» Your assignment
Could you return every line of the material that contains the word "blue"?

» Given records

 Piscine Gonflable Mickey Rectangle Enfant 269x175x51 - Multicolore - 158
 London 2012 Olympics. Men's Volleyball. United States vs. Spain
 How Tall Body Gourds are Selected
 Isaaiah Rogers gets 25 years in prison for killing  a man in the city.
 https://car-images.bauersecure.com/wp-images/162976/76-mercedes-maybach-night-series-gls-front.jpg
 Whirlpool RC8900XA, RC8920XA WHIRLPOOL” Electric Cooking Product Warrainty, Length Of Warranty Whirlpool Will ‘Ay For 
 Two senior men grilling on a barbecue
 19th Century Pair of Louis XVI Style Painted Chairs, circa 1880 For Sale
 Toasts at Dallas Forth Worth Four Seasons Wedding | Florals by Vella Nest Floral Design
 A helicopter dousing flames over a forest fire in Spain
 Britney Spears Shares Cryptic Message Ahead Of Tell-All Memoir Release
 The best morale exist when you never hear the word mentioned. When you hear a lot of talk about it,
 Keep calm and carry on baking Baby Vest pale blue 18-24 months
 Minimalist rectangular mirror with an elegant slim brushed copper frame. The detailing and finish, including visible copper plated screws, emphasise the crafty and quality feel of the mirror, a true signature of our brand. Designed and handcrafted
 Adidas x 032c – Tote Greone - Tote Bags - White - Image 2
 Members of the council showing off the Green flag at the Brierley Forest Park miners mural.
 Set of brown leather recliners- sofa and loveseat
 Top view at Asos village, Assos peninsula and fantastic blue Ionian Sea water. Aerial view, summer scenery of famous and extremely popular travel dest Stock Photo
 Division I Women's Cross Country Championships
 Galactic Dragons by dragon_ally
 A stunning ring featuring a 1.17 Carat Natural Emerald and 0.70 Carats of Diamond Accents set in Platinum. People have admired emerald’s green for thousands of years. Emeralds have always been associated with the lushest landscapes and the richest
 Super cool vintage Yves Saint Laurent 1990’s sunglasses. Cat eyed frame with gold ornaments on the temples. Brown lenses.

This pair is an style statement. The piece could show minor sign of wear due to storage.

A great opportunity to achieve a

» Exercise response
 Keep calm and carry on baking Baby Vest pale blue 18-24 months
 Top view at Asos village, Assos peninsula and fantastic blue Ionian Sea water. Aerial view, summer scenery of famous and extremely popular travel dest Stock Photo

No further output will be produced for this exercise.